可這時,卻只聽張氏又陰笑道:「小賤人,你以為你嫁了個妻主就萬事大吉了?哈哈!真是笑話,你現在還沒有身子吧?是不是不知道為什麼懷不上??哈哈!想當初你爹怎麼生的孩子你不知道吧?你們家的男人受遭報應,生不出孩子!哈!只有吃了妻主孩子的胎盤才能懷孩子!可惜啊,你那個傻爹身子一直不好,還要懷孕,生了孩子有什麼用?自己還不是送了命!?真是報應!報應啊!」

任傾情聽了張氏這番話,直驚得目瞪口呆,他這話是什麼意思?難道說自己這麼久都沒懷孕是因為身體的原因?要吃妻主孩子的胎盤?那不就是說……自己不能為葉青虹生第一個孩子了?

男人一想到這兒,頓時便覺得天眩地轉,連哭的力氣都沒有了。所以一回到家他只管將自己關在屋子裡,好半天才醒過神來,不由大哭了起來,邊哭邊將屋裡的東西都摔在了地上。一想到自己要靠別的男人和葉青虹生的孩子救自己,男人心裡就像刀紮了一般的痛。他學著不吃醋,學著懂事,可為什麼自己卻是這樣一個命?如果那張氏說的話是真的,那麼自己只有等葉主了再娶了別人,生了孩子後將那胎盤給自己治病。還要等這麼久自己才能有孩子,男人心裡不由越想越痛,誰能保證到時候葉主兒心裡還有自己。想想自己家裡母親原先那些小侍,不過一年半載的就被丟到腦後了,難道以後自己也是這種命運了?於是不由越想越難過。

葉青虹摟著懷裡的男人,聽他斷斷續續將這些話說完了,不由皺起了眉頭。任傾情得的這是什麼病?內分泌的問題嗎?為什麼要用別人的胎盤?難道是激素的問題?不過好在是胎盤,不是胎兒,不然這位任公子的病真是治不得了。

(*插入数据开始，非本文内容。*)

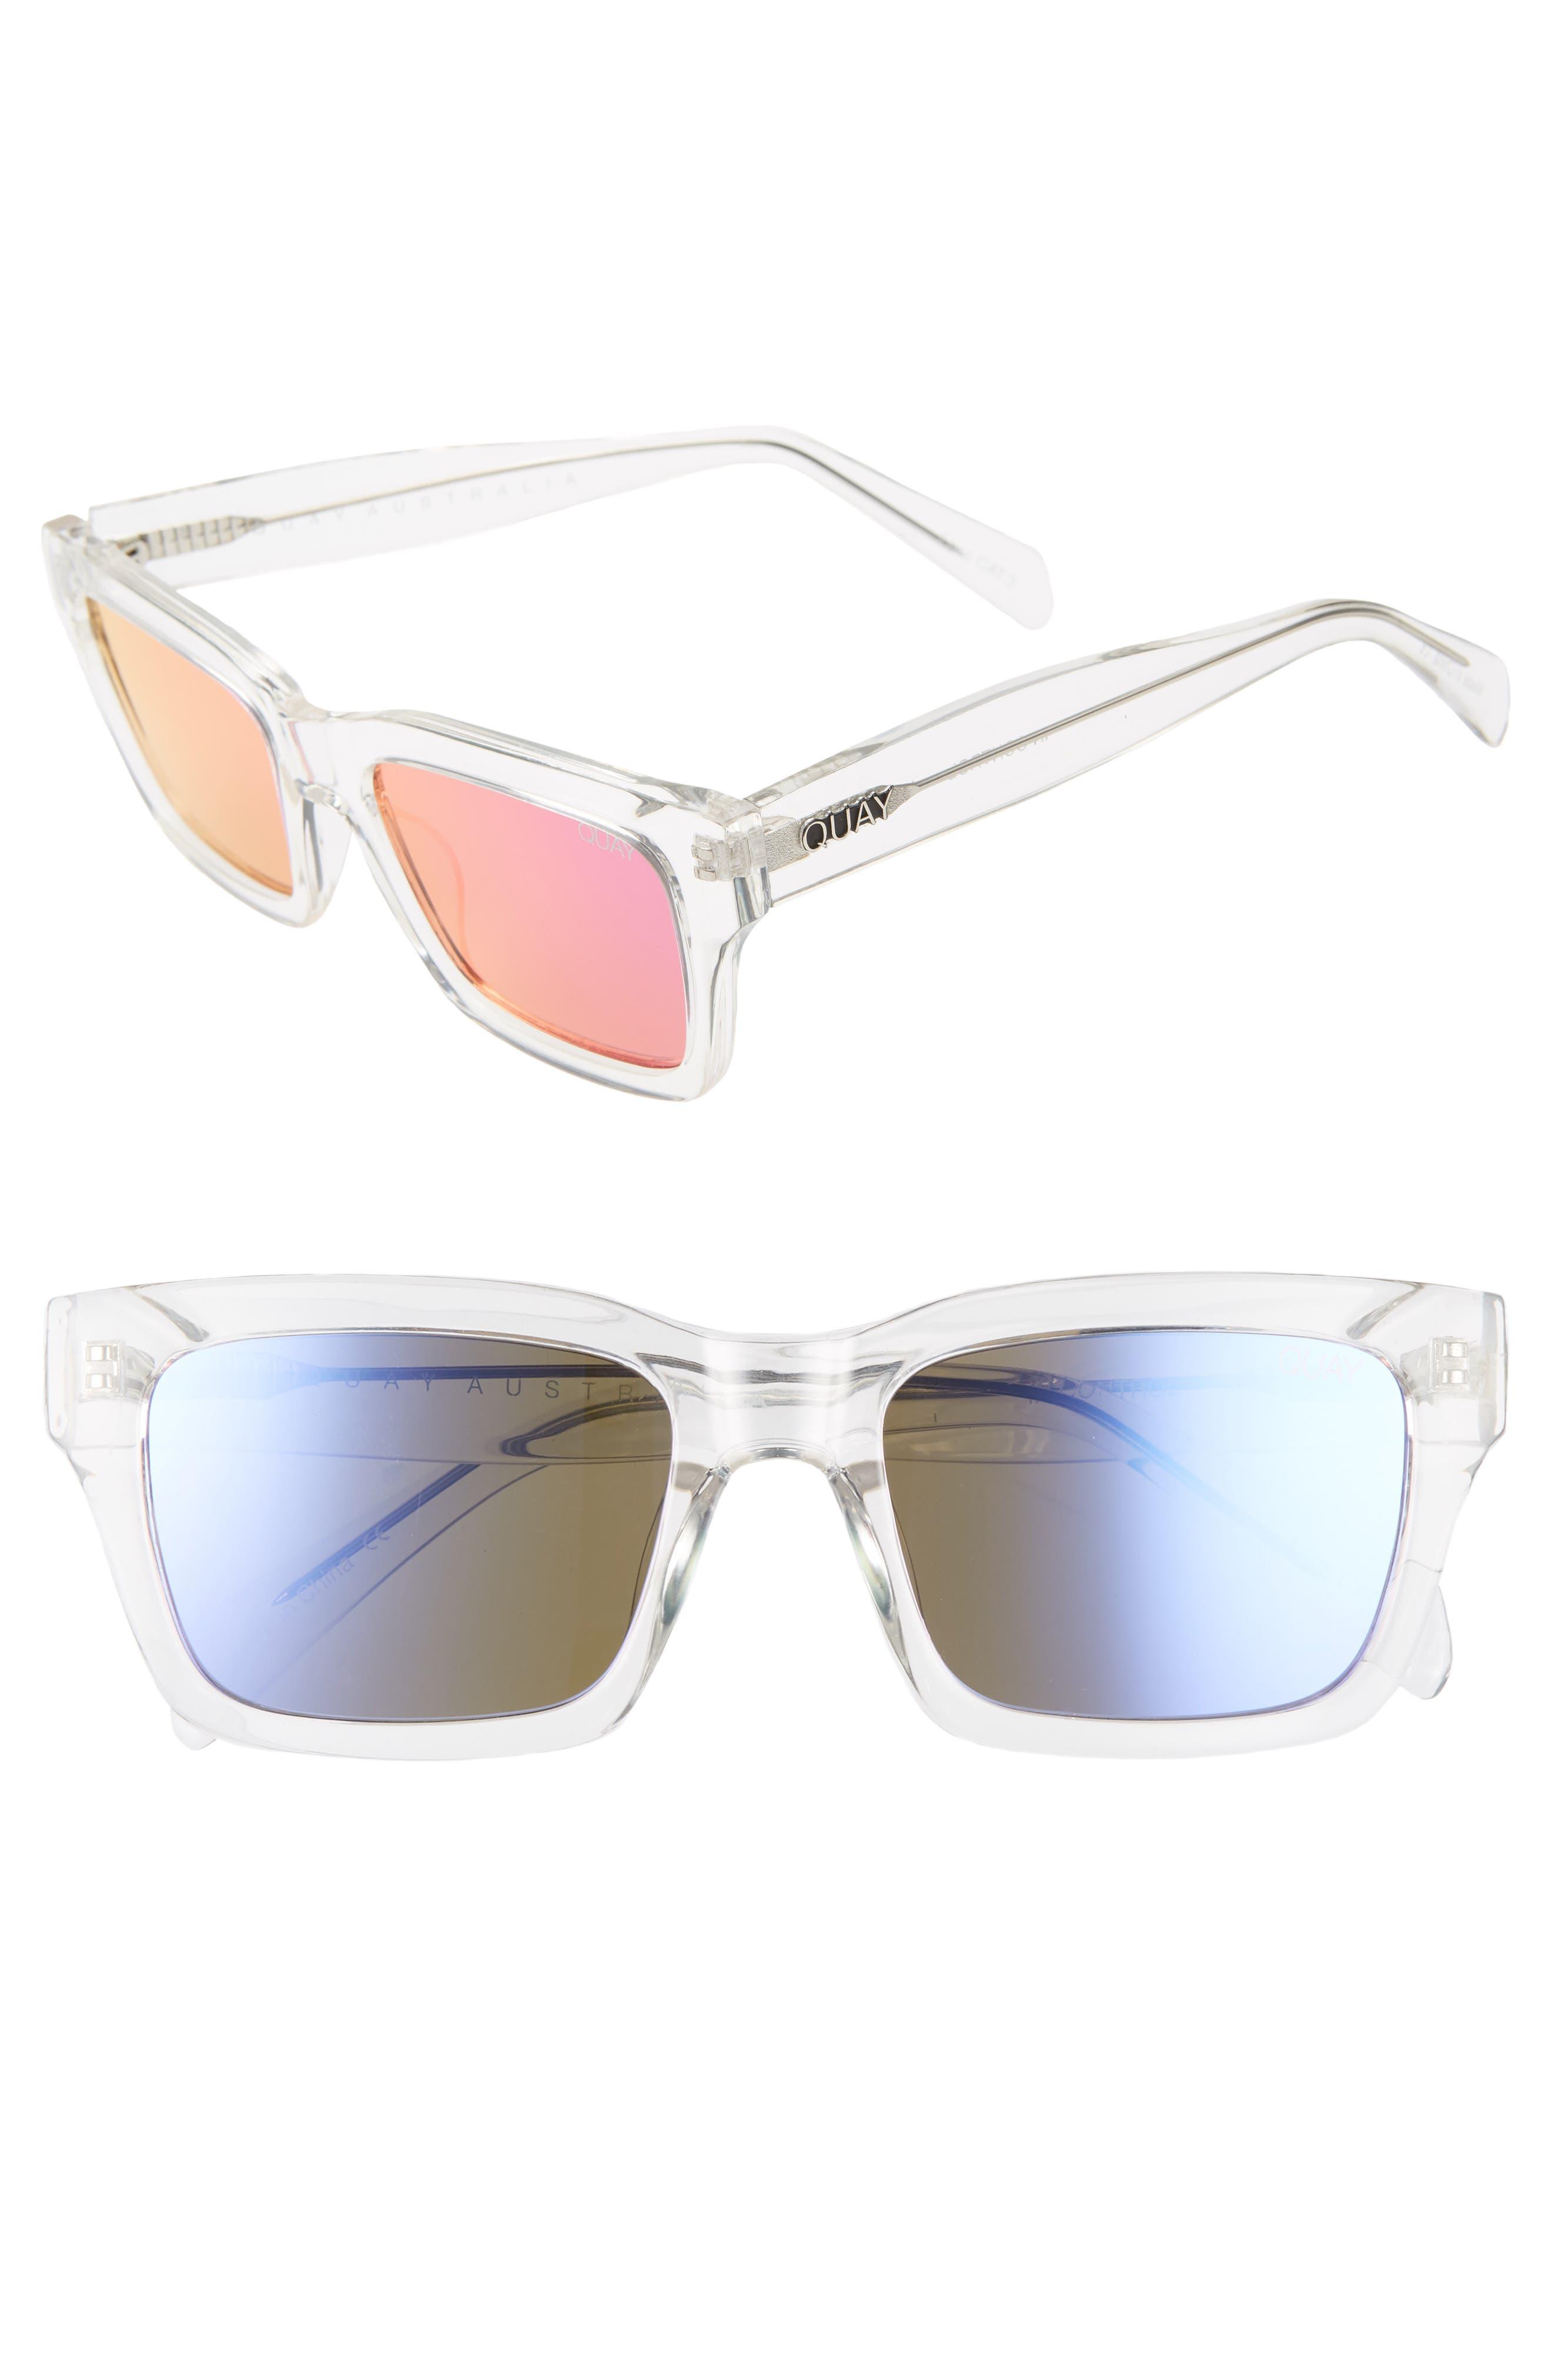 Quay Australia In Control 4m Rectangle Sunglasses - Clear/ Purple Pink

想到這兒,葉青虹不由摸了摸男人柔順的長髮道:「原來是為了這個,如此說來你這病倒不是治不得,我原聽過一個法子可以治得,只是要等些日子那藥才能到手,你只管養好身子伺候我就行了,其他的我自會想辦法。」

「你真的有辦法?」聽了這話,任傾情不由抬起淚溼的小臉道:「可不許騙我……」

「放心!」葉青虹小心地摸了摸男人紅腫的那邊小臉兒柔聲道:「我什麼時候騙過你?」

見葉青虹說的肯定,男人心裡便不再懷疑,只管將小臉兒貼在妻主的胸前,也不再哭了。

摟著懷裡的男人,葉青虹不禁想起扶桑來,心裡不由感覺有些諷刺。前些天還在懷疑那男人懷的是不是自己的孩子,現在老天爺就送來了這麼個檢驗的方法。如果他把孩子生下來後,將那沒用的胎盤給任傾情做了藥引,好的話那孩子自然是自己的,如果不好的話,只怕自己和那個男人的緣份便真的盡了。